* **PROVIDED MATERIAL**
......

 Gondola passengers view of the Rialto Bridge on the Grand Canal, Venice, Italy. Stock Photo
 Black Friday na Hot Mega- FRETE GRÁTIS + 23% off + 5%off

......

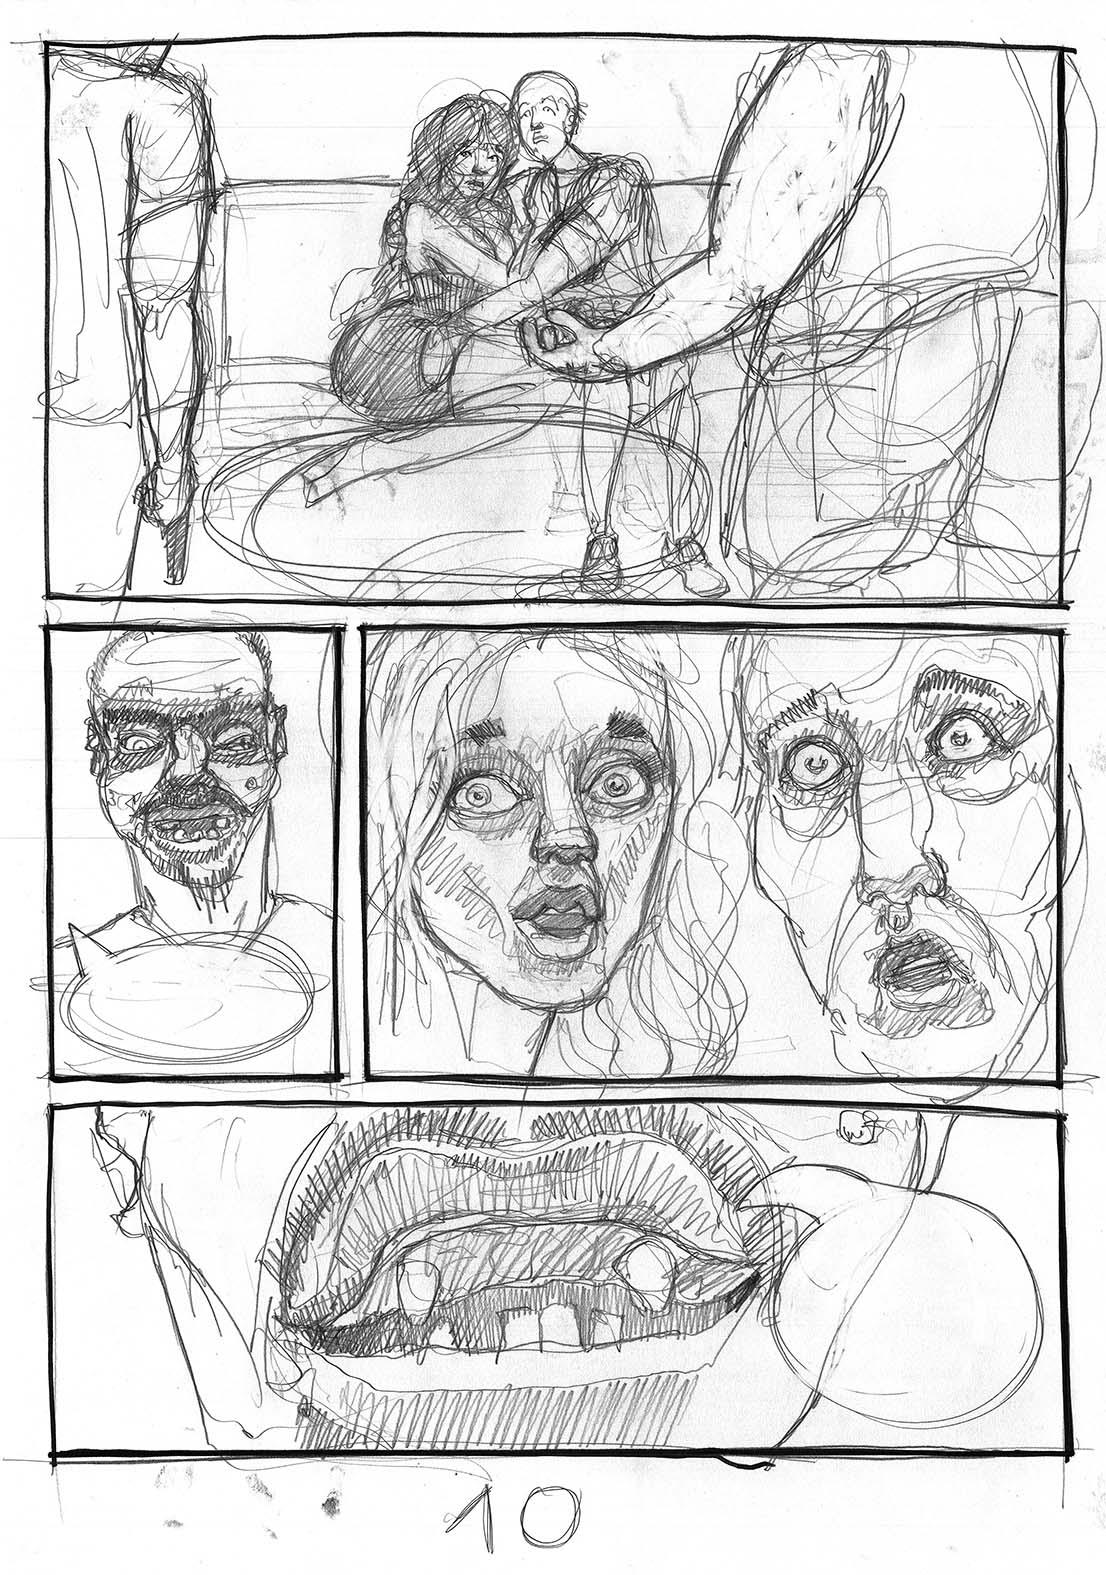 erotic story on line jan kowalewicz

......

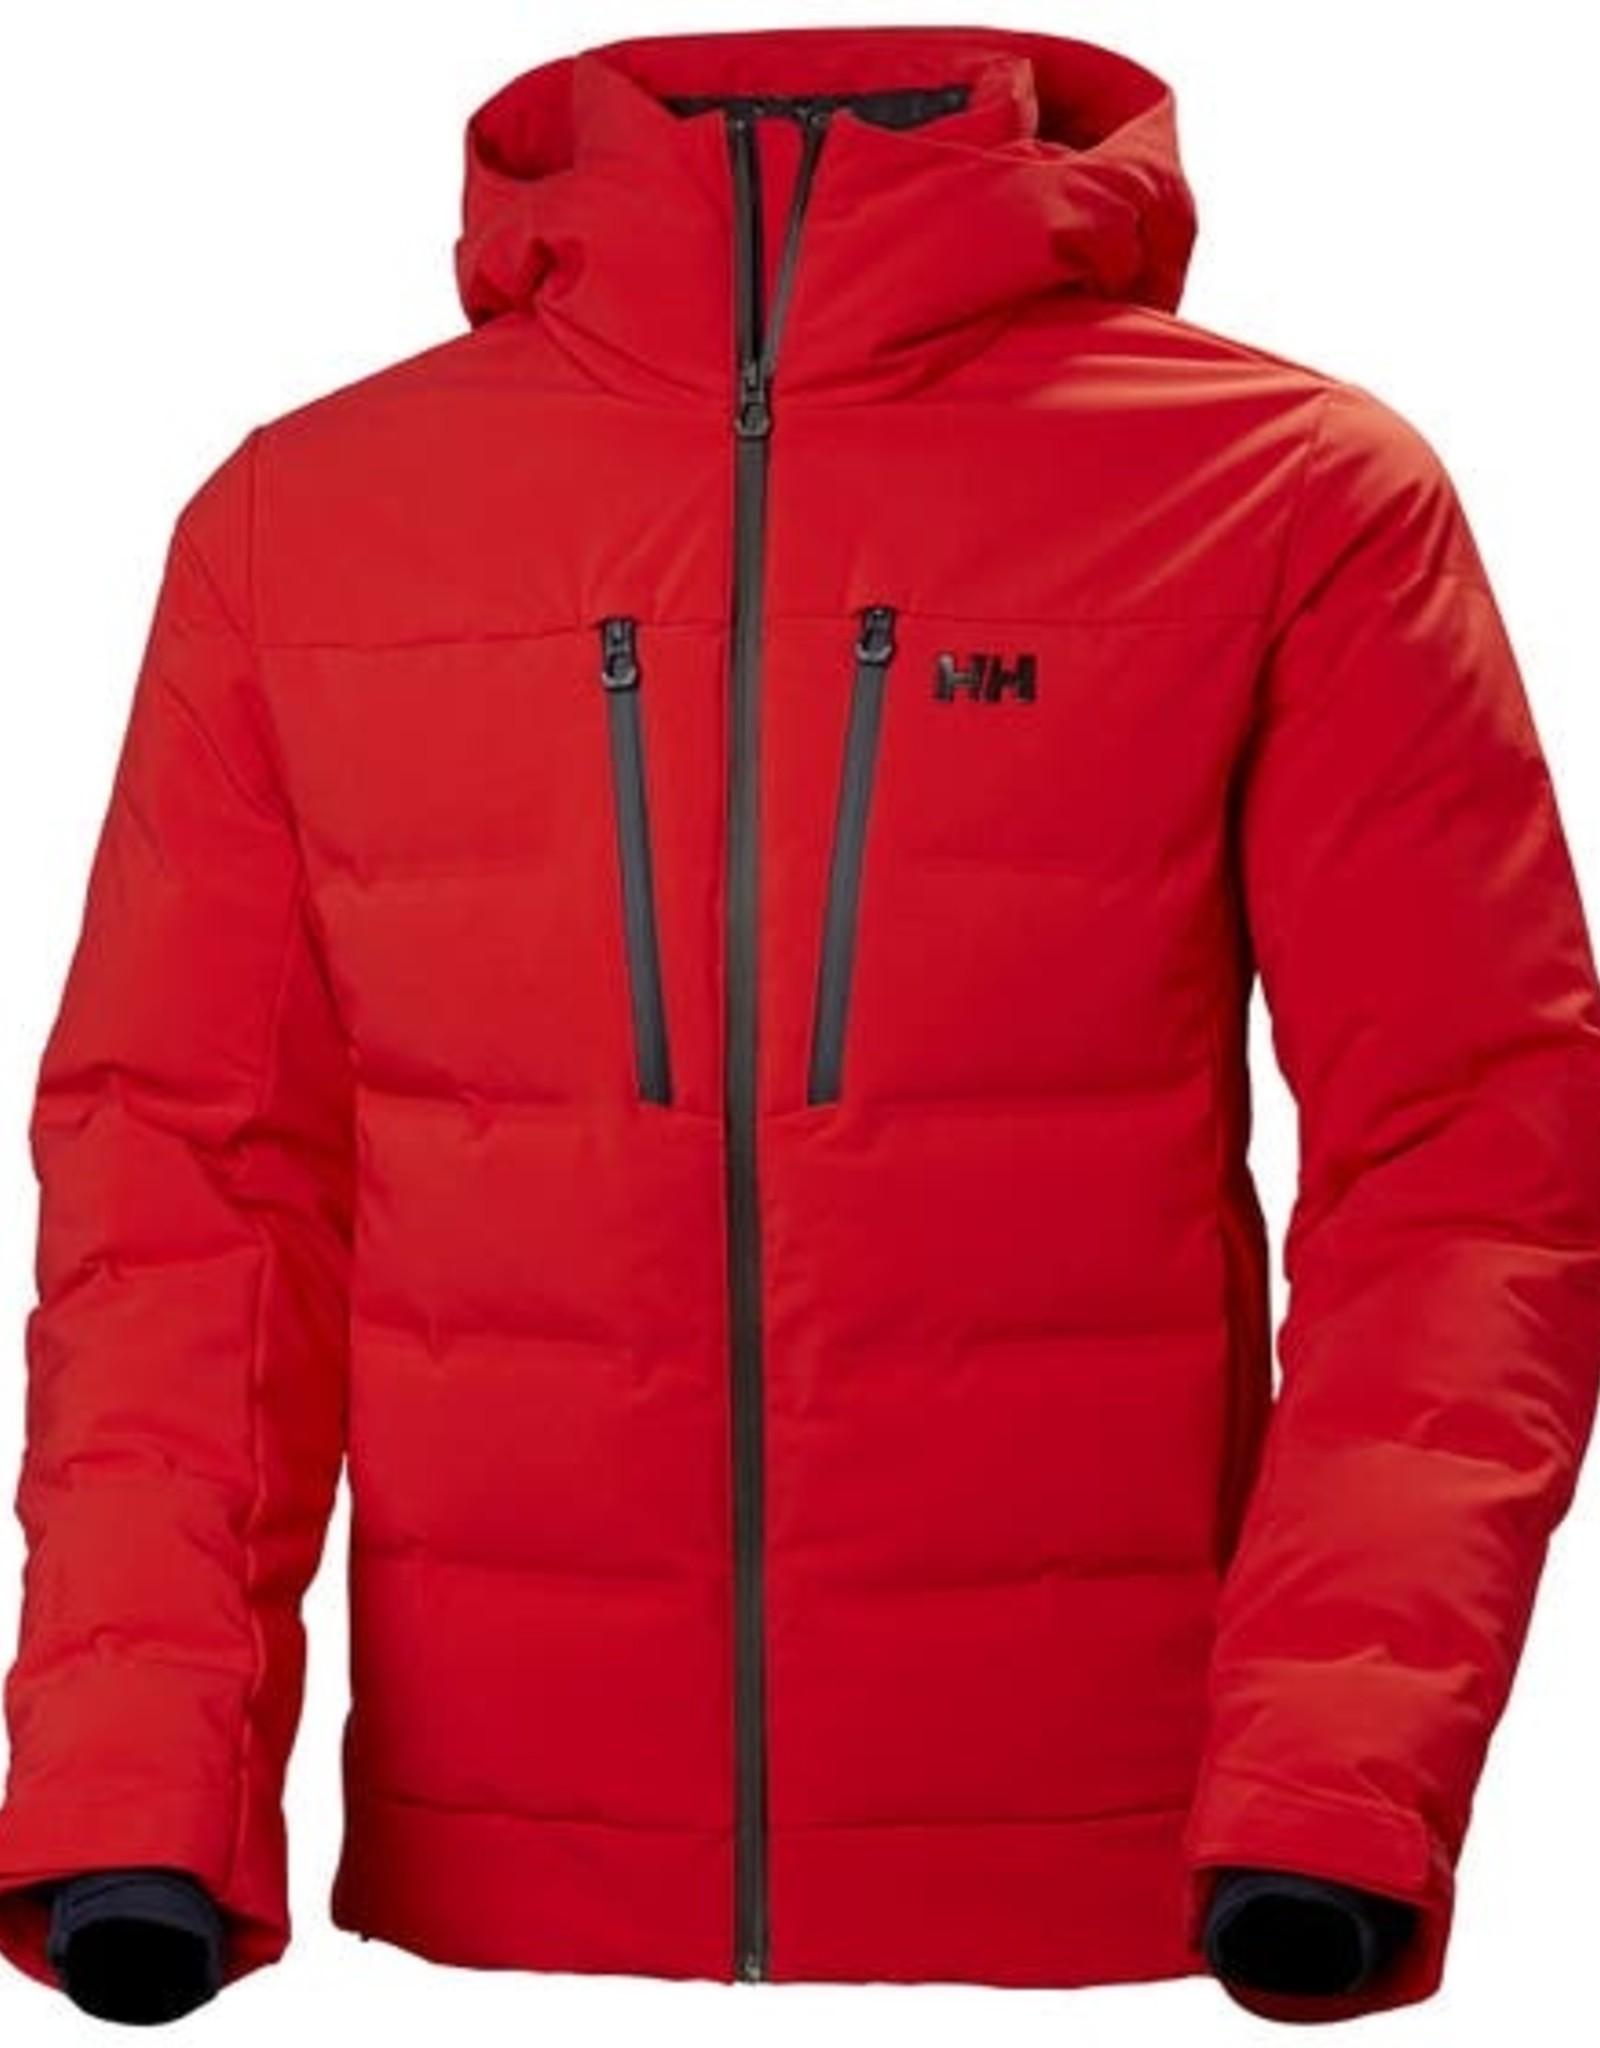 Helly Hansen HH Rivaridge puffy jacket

......

* **TASK ITEM**
From the data above, return every line from the line that has "Gondola passengers view" up to and including the line that has "Black Friday na", exactly.

* **RESPONSE TO THIS TASK**
 Gondola passengers view of the Rialto Bridge on the Grand Canal, Venice, Italy. Stock Photo
 Black Friday na Hot Mega- FRETE GRÁTIS + 23% off + 5%off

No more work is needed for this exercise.